**Data excerpt:**
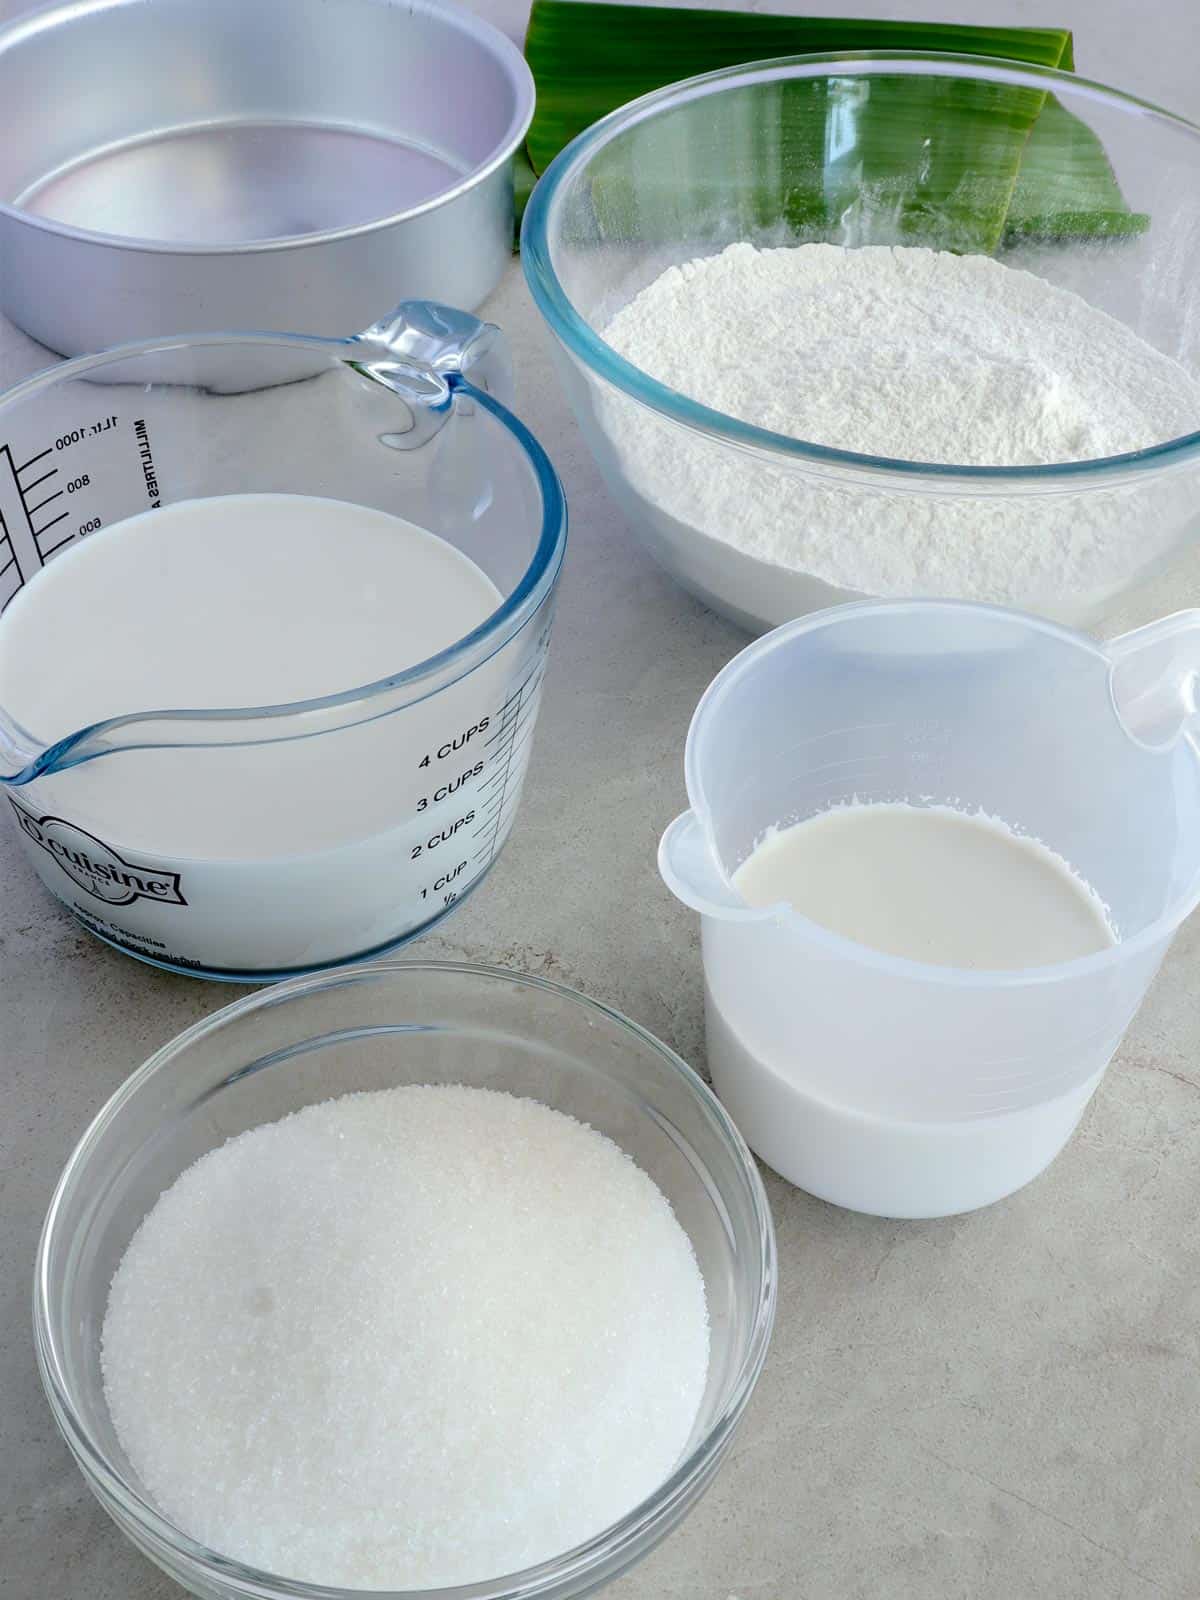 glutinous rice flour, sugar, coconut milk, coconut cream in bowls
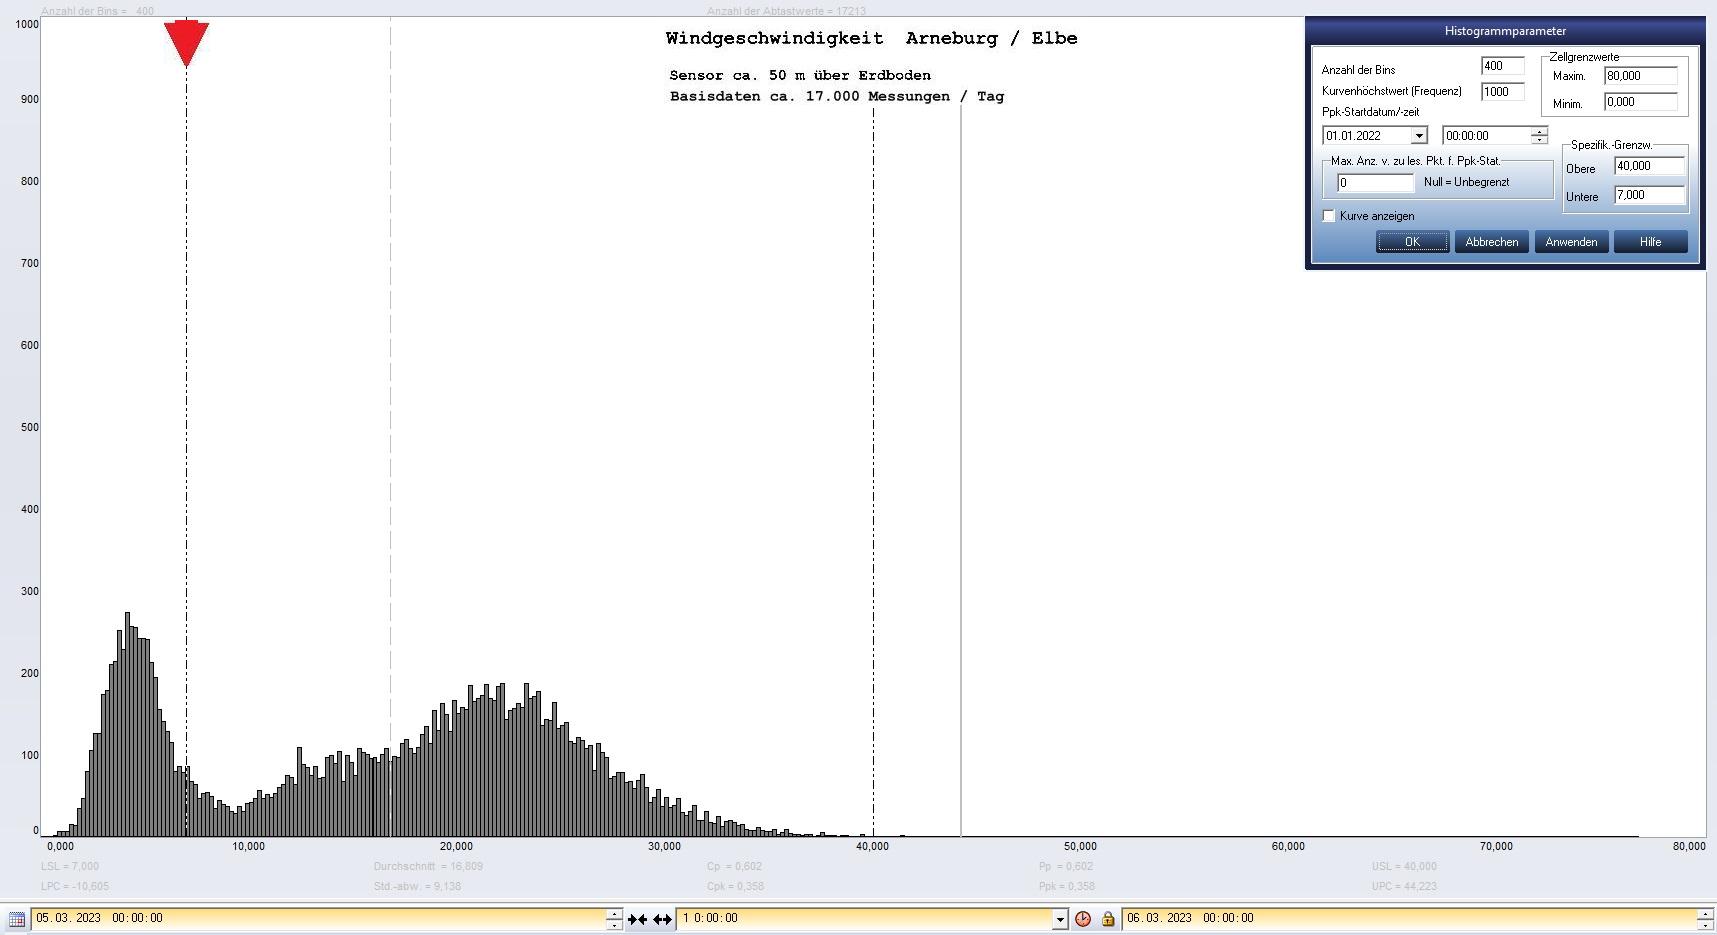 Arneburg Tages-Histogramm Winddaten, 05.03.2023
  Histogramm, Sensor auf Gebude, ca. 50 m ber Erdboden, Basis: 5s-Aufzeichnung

**Your task:** Pictures stay out; the data above is to be returned exactly.

**Task answer:**
 glutinous rice flour, sugar, coconut milk, coconut cream in bowls
 Arneburg Tages-Histogramm Winddaten, 05.03.2023
  Histogramm, Sensor auf Gebude, ca. 50 m ber Erdboden, Basis: 5s-Aufzeichnung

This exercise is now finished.